Some teachers will argue that schools have to set rules like this to ensure there is a structured learning environment. If this is the case, though, academics believe what is needed is a degree of student participation in the forming of those rules and an explanation as to why they exist. Smetana, for example, argues that to avoid creating longer-term conflict, explaining why rules exist - even if students don’t agree with the reasons - is beneficial as it lets young people feel heard at a time of life when that is important to them.

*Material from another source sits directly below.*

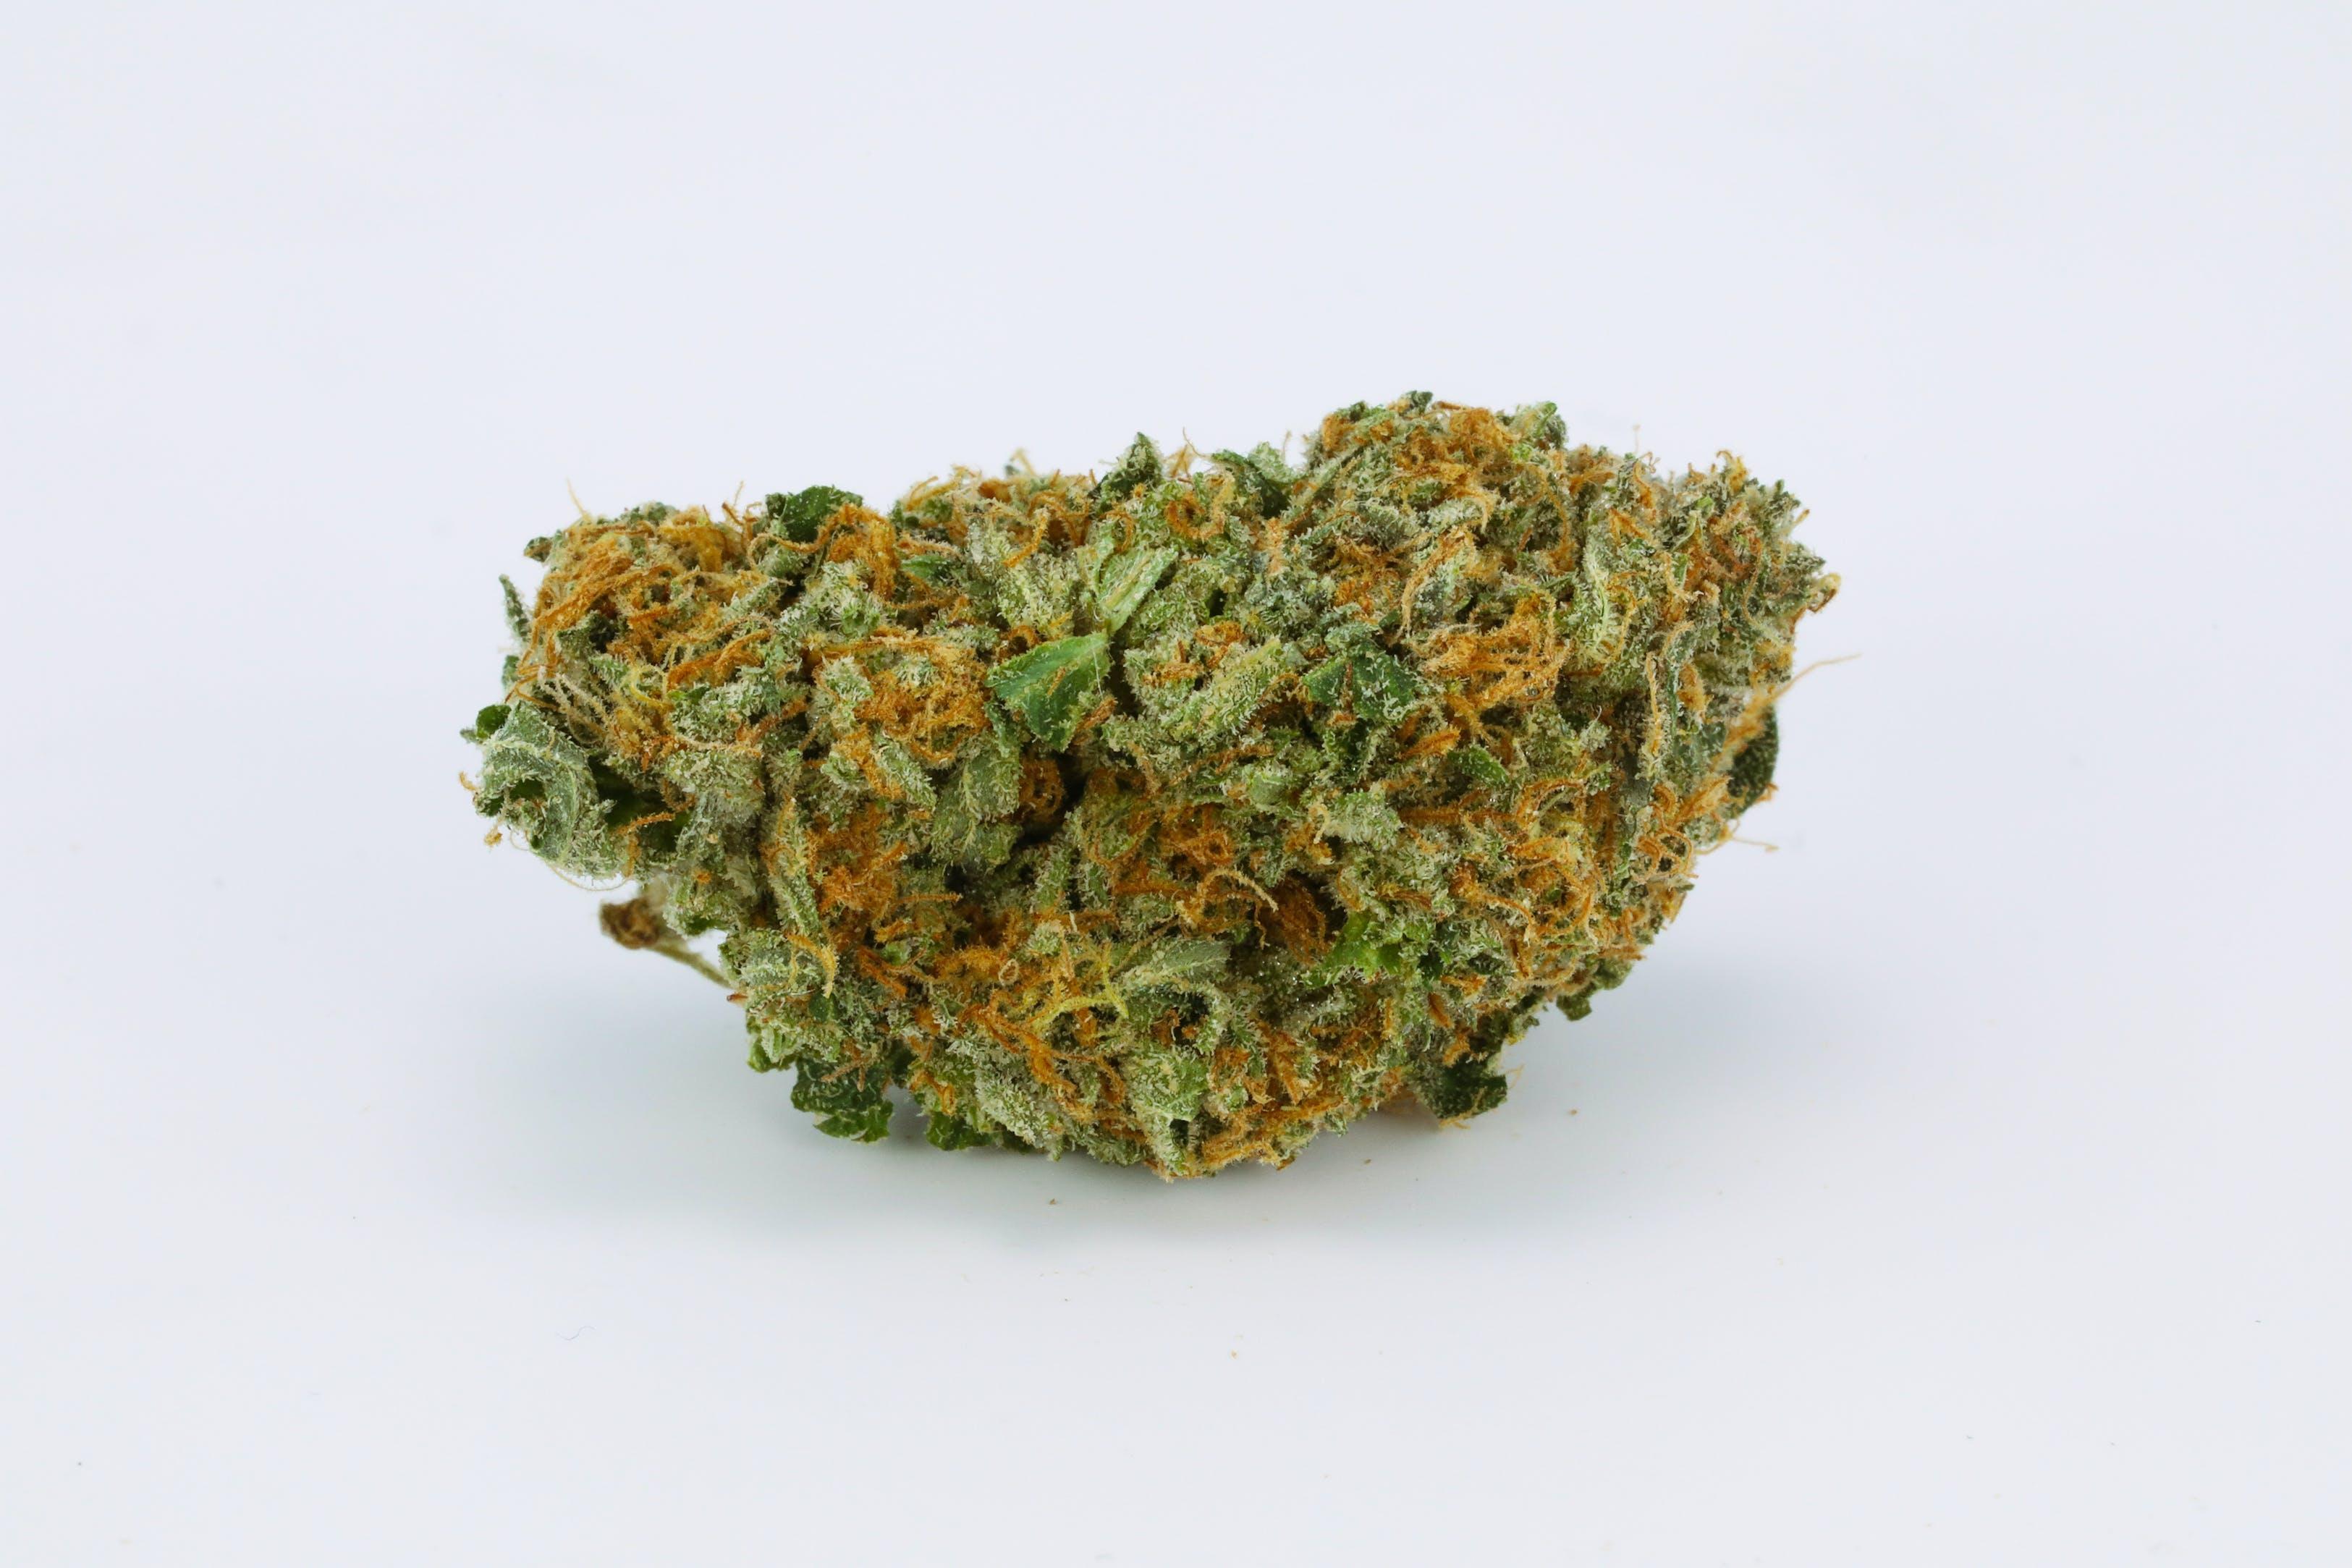 Bubba's Gift Weed; Bubba's Gift Cannabis Strain; Bubba's Gift Indica Marijuana Strain

“I think we take it for granted that we know what is best, but that doesn’t mean we shouldn’t listen to someone or acknowledge there may be some legitimacy to what they say,” she says. “We have sometimes brought families into the lab and had them discuss conflicts, and one amazing thing we find a lot of is that parents often say they have never had discussions where they heard what their children thought. They were amazed to hear their kids’ perspectives [on their rule].”

Resistance is futile

In school, this can take time and some may fear that a child challenging a rule could potentially undermine it - many are sceptical about co-creation of rules, too. But, as Gingo explains, engaging in this type of conversation can help to avoid the encouragement of perpetual rebellion that becomes genuinely problematic as children start to become defiant of any request.

“A child sometimes gets stuck in a cycle where they push back over something legitimate but then that spills over into other areas and they just push back for the sake of it because they lost a battle they think they should have won, so they move the fight to a new front,” he explains.

As such, he and Smetana agree that engaging children in discussions about why rules are there is an important way to hopefully curb a rebellious streak so that it stays within the more typical ranges.

What can help make these discussions easier, says Gingo, is teachers not taking their pupils’ rebellion personally - because it rarely is personal. “One thing about resistance is that children in an educational setting are not usually so much resisting you [the teacher] but the rule or directive itself,” he says.

If we do all these things - identify a cause, explain rules to children and not take things personally - can we really stifle rebellion and get compliant classes? Not always. But take comfort in the knowledge that the Hollywood image of a teenage rebel without a cause is perhaps not as true to life as we are led to believe, and that Lisa did, of course, learn to love school again.